Stored items from a collection
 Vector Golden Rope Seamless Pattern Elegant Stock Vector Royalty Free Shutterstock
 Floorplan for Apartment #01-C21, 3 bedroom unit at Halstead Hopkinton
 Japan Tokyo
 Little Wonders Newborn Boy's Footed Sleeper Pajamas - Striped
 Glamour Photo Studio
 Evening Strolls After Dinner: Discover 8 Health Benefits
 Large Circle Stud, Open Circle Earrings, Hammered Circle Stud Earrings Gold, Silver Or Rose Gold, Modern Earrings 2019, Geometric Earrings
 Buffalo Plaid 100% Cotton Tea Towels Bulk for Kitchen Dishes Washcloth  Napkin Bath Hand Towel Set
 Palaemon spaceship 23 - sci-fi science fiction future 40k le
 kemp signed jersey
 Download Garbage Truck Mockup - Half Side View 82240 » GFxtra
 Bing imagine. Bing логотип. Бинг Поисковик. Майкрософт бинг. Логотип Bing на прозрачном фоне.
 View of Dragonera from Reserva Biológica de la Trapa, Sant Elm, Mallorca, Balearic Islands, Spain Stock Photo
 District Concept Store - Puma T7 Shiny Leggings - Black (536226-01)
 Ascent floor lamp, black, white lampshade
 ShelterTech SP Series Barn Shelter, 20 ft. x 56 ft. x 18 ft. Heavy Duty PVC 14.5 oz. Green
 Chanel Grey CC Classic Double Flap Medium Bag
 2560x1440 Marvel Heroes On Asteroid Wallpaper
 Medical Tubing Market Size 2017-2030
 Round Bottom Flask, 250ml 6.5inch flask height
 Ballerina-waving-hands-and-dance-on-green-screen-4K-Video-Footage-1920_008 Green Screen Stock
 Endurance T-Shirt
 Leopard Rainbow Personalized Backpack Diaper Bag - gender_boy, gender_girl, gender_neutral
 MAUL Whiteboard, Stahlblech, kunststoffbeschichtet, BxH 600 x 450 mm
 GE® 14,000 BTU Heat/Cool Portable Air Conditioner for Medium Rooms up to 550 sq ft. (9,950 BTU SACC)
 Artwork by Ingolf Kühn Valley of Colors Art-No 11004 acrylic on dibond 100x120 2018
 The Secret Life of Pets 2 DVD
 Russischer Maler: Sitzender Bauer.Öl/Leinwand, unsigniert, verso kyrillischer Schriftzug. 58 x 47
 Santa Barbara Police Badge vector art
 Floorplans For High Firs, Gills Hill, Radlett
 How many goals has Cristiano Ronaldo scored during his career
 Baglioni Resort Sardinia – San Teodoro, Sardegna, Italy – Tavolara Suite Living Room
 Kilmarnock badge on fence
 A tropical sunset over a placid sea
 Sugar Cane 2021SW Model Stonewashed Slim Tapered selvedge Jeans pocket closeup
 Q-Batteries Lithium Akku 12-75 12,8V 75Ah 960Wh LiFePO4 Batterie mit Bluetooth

- WHAT THIS TASK INVOLVES: Copy the lines above exactly, beginning at the line that has "Bing imagine. Bing" and stopping after the line that has "Endurance T-Shirt", and omit the rest.

- THE COMPLETED TASK:
 Bing imagine. Bing логотип. Бинг Поисковик. Майкрософт бинг. Логотип Bing на прозрачном фоне.
 View of Dragonera from Reserva Biológica de la Trapa, Sant Elm, Mallorca, Balearic Islands, Spain Stock Photo
 District Concept Store - Puma T7 Shiny Leggings - Black (536226-01)
 Ascent floor lamp, black, white lampshade
 ShelterTech SP Series Barn Shelter, 20 ft. x 56 ft. x 18 ft. Heavy Duty PVC 14.5 oz. Green
 Chanel Grey CC Classic Double Flap Medium Bag
 2560x1440 Marvel Heroes On Asteroid Wallpaper
 Medical Tubing Market Size 2017-2030
 Round Bottom Flask, 250ml 6.5inch flask height
 Ballerina-waving-hands-and-dance-on-green-screen-4K-Video-Footage-1920_008 Green Screen Stock
 Endurance T-Shirt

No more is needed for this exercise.